# Accurate Snow Totals?



## lemsip (Sep 11, 2009)

Copper has something similar.

Copper Mountain - Snow Stake Cam


----------



## nmalozzi (Jun 19, 2007)

no way of knowing if those lines are actually an inch apart though 

there are so many other factors as well. such as the location of the ruler. i was at copper yesterday and they reported 7in over night. in some spots it was closer to 1in, and more then 7 in others. in the end those measurements are only valuable in telling you it snowed recently.


----------



## lemsip (Sep 11, 2009)

They look small to be inches. I was at Copper on Saturday and it snowed a few inches in the morning, so that's some of the alleged seven inches in 24 hours, and it was scraped off by lunch.


----------



## rrb3 (Sep 30, 2009)

Does anyone else know of any other Colo ski area with a link this real??

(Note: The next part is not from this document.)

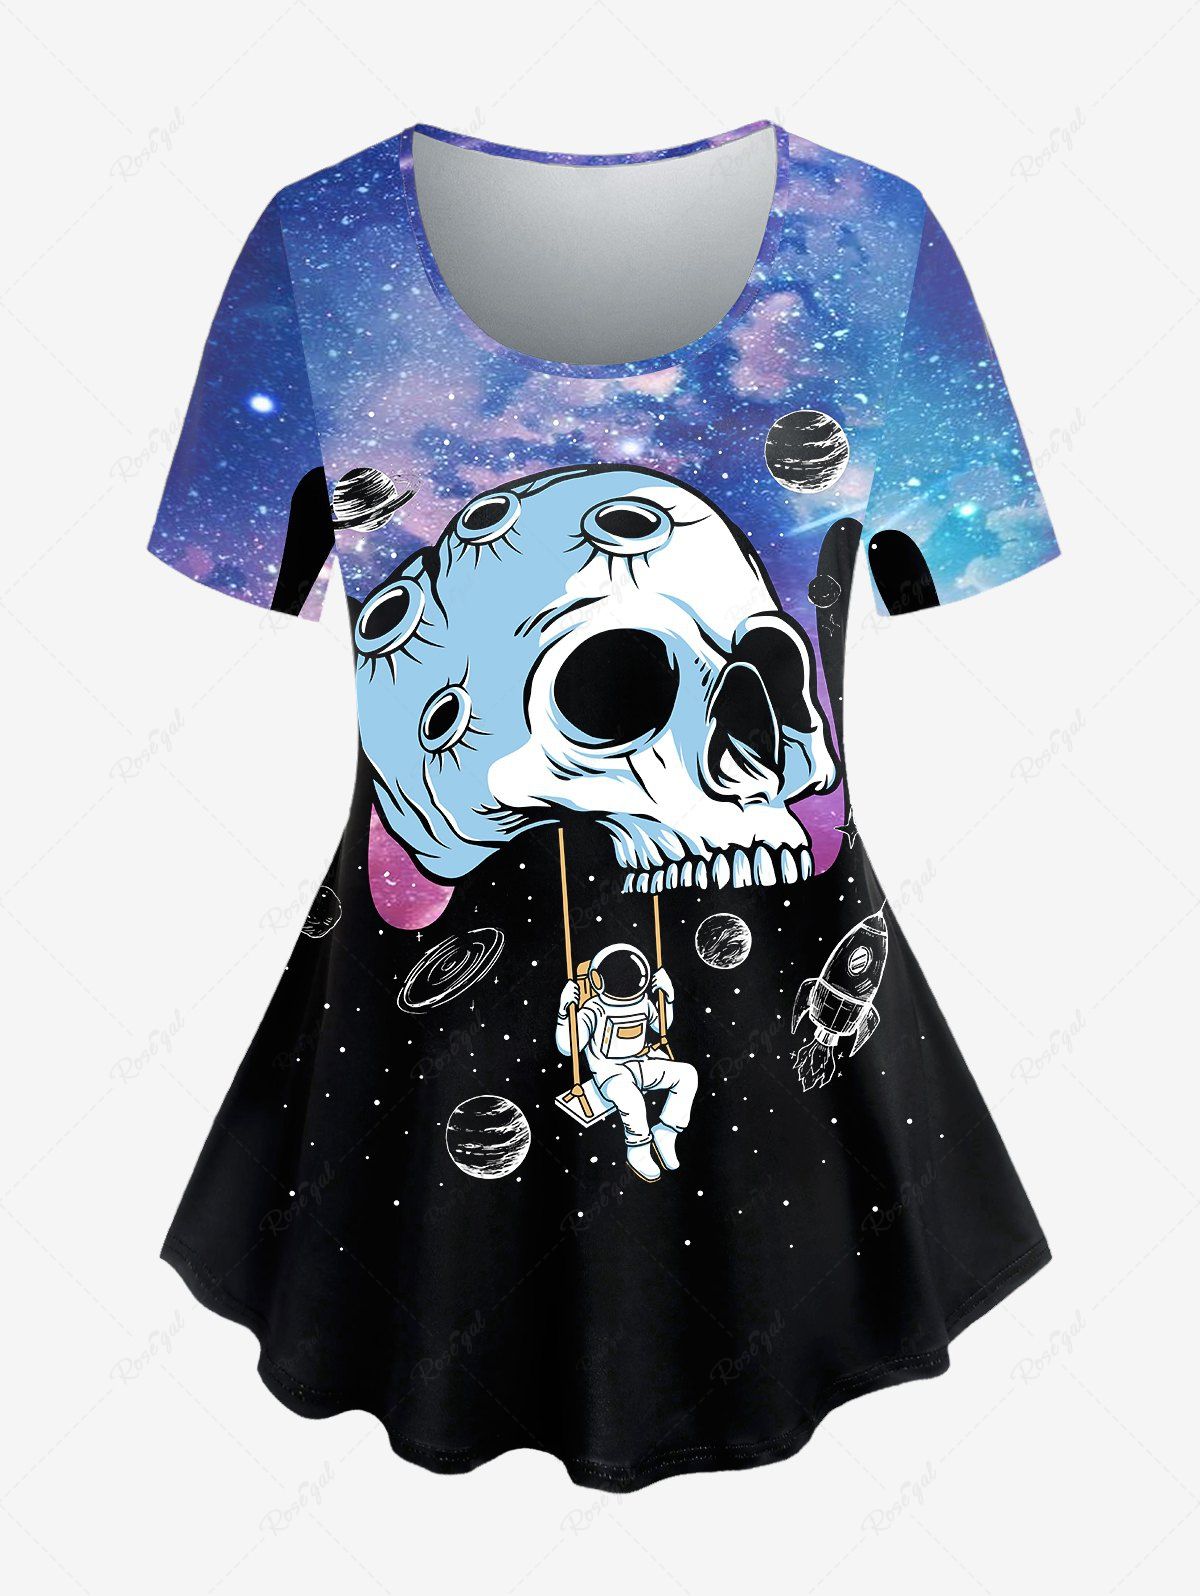 Chic Gothic Short Sleeve Skull Galaxy Astronaut Print T Shirt  
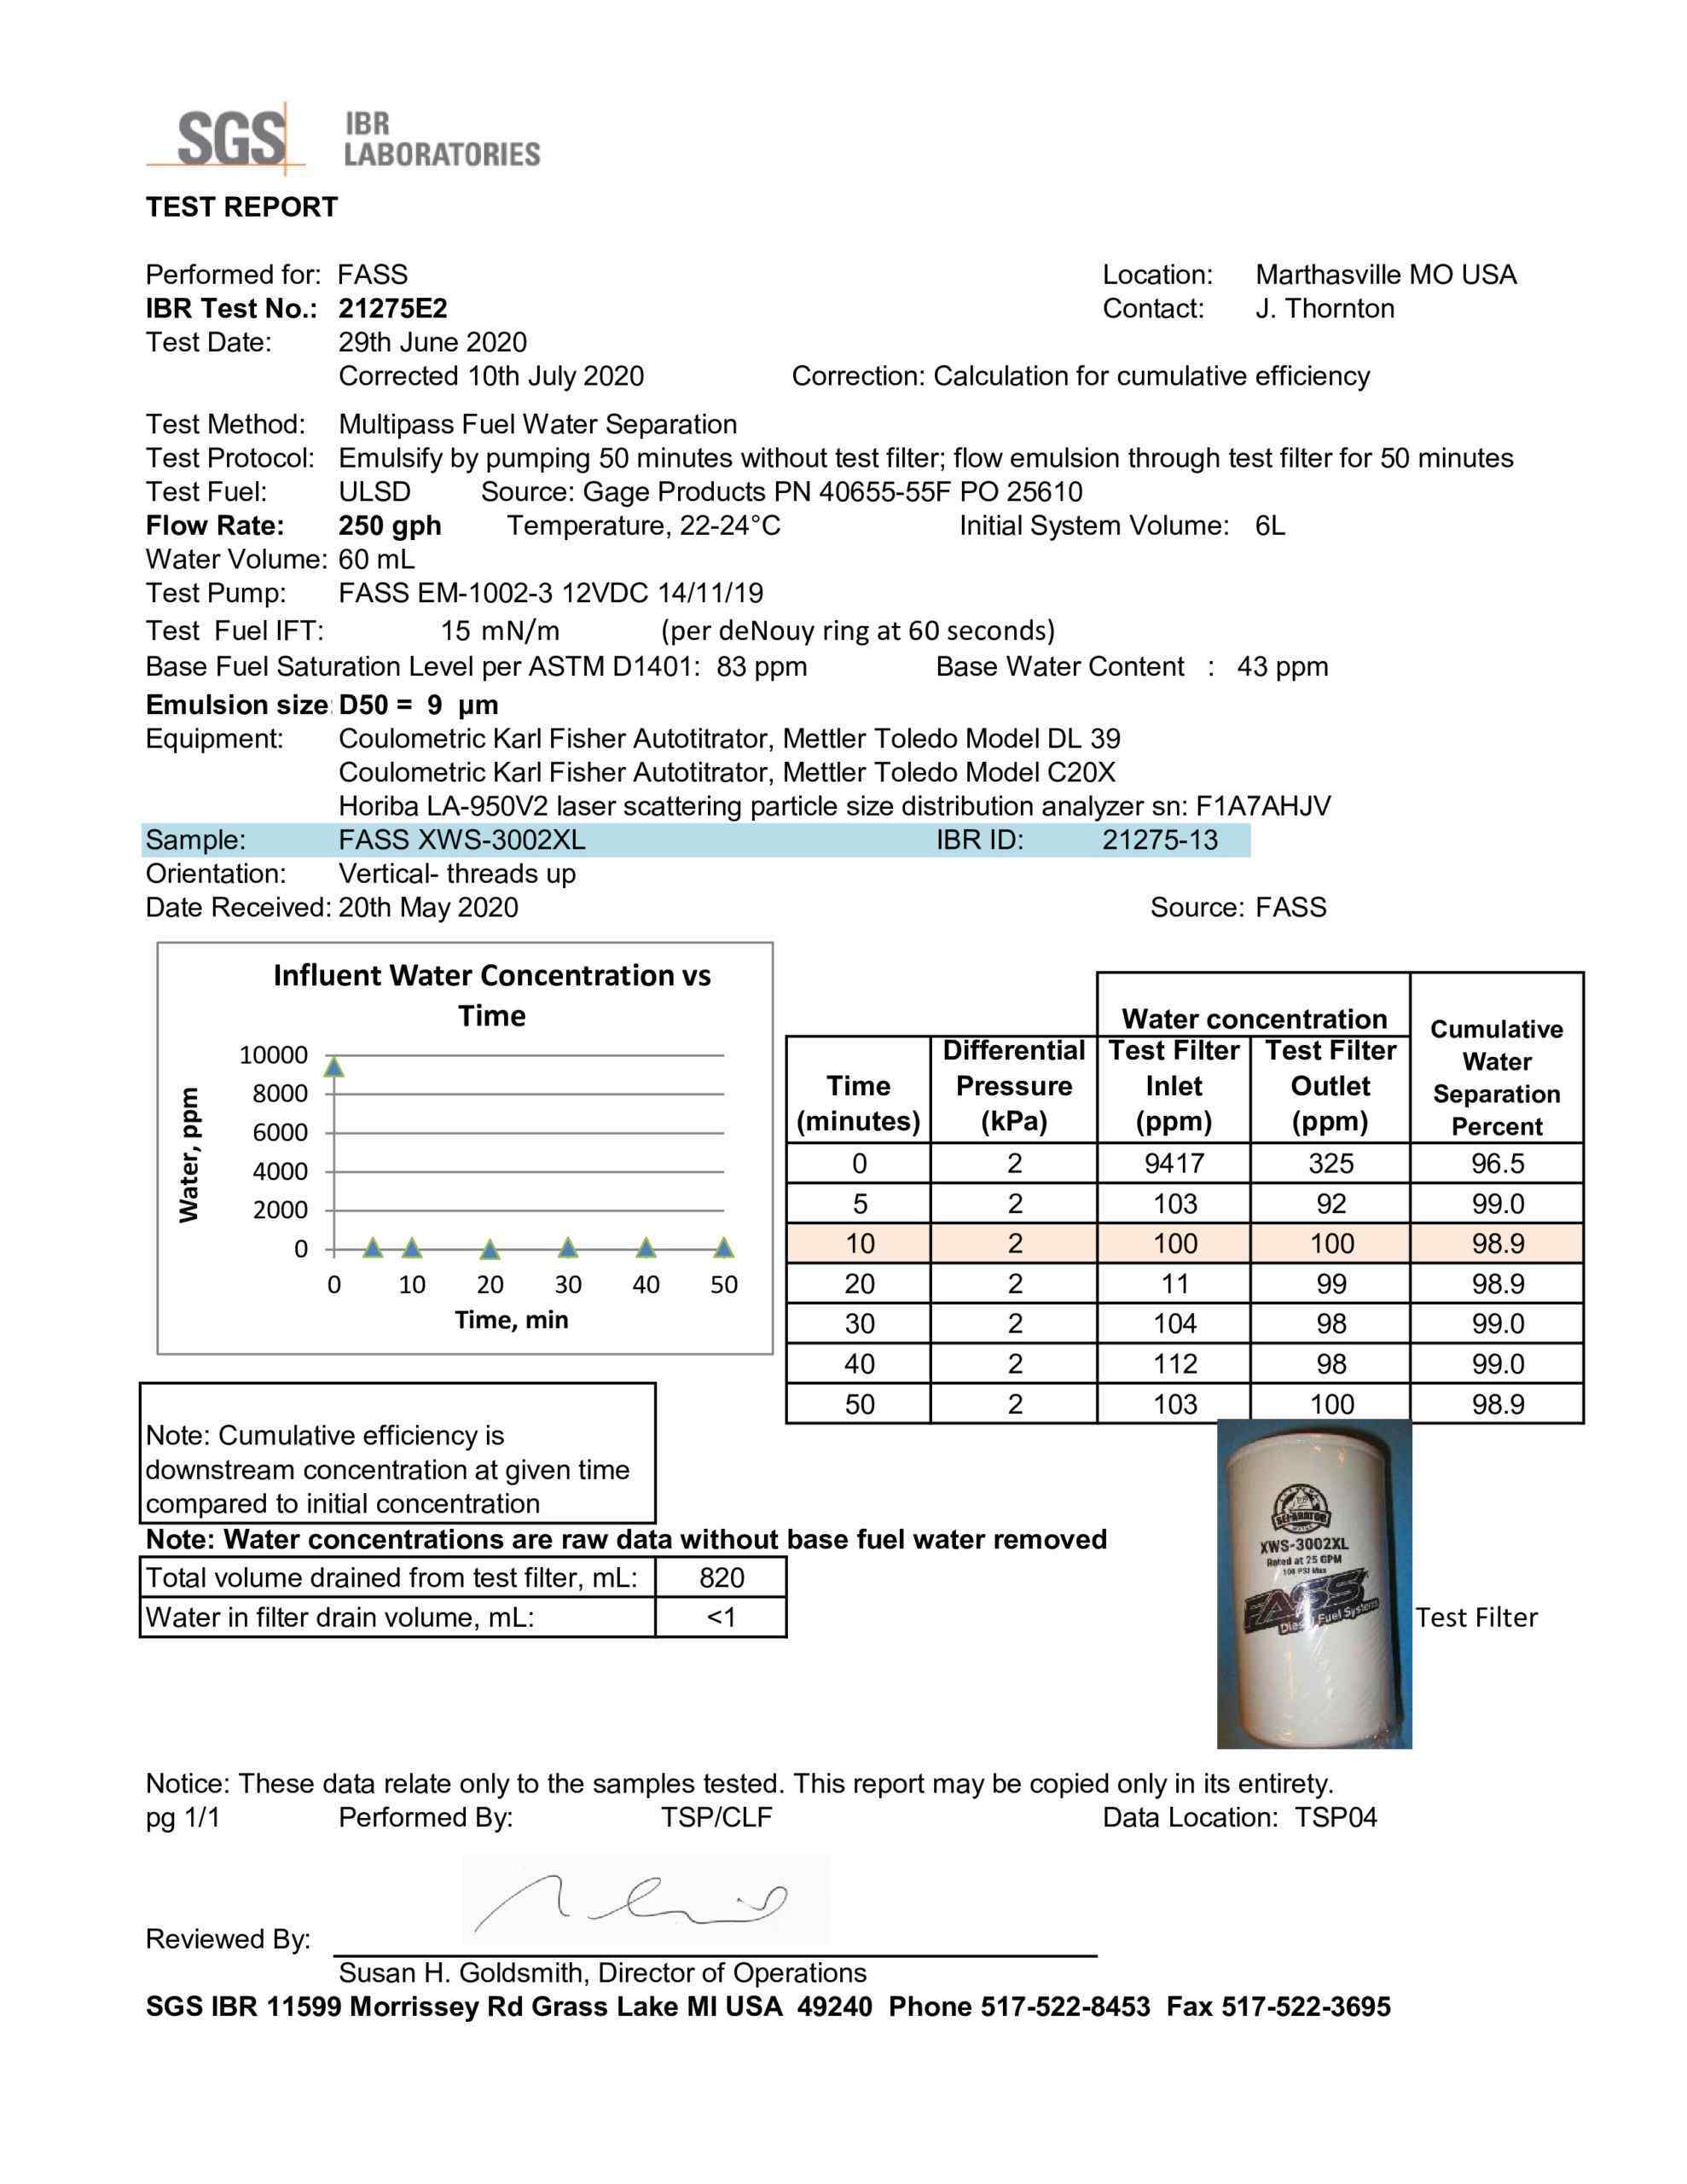 FASS XWS-3002XL Fuel Filter Test Results (250GPH)

Sunlight has a mountain cam: Mountain Cam | Sunlight Mountain Resort

Copper has the most inaccurate reports that I've experienced- they must find the most windloaded slope on the mountain.


----------



## ENDOMADNESS (Jun 21, 2005)

I agree about Coppers inaccurate readings. 

For all the crap Vail gets, their report never does justice for the backside. 7-8" at mid mountain (where they report) is 12" in the back. 

Jackson Hole always reports snow totals from the top of the mtn...not nearly that much in the Hobacks or mid mtn.


----------



## Geezer (Oct 14, 2003)

Well as long as guys keep doing the measurements they will always be higher than real life.


----------



## lmyers (Jun 10, 2008)

I know Monarch's mid-mountain base is accurate, I ski by it every so often. It is in the bottom 1/4 of their mountain, but definitely in an area that gets wind loaded. Their summit readings average 30% more though. I'm not sure where they measure their 24 & 48 hr. totals, but I usually look at the web cam and see what is on the picnic tables on the deck....

here is a webcam shot I saved from last year when they reported 35" in 48 hours:








I found it to be accurate.


----------



## Porkchop (Sep 19, 2007)

you know it sucks when steamboat reports .25". thats just pathetic. I admit it made me do a hard double take. PRAY FOR SNOW!!


----------



## td (Apr 7, 2005)

Steamboat is more conservative with their reporting than most places that I've had season passes. They report the yearly total at mid mountain and if they reported at the top (PHQ or the towers), the yearly average would probably be well over 400". Usually the daily report isn't too far off, especially if you know the difference between new snow in the past 24 hrs and new snow since the lifts closed. Occasionally they grossly under report, which is always nice when you're on the hill and everyone else goes to work thinking it's not that great. I'm always curious as to how accurate Silverton is with their totals as they are so much higher than other resorts in the area.


----------



## freeheelintodd (Aug 7, 2005)

*snow totals*

Colorado ski country says a snow stake has to be in the middle 1/3 of the mountain. That said...you have more snow usually above the stake and less at the base area. Look out your window and get your own snow data if your worried


----------



## Canada (Oct 24, 2006)

*Toas*

Funny how nothing changes in the ski industry. Growing up we used to divide the reported total at Toas in half and figured that was about accurate. A couple weeks ago here in utah we had reported 2" in the morning and it was above my four year olds knee. Which probably means about 8". I agree that mountain cams seem the way to go. I always look at the cam to determine if it is worth running out after work.


----------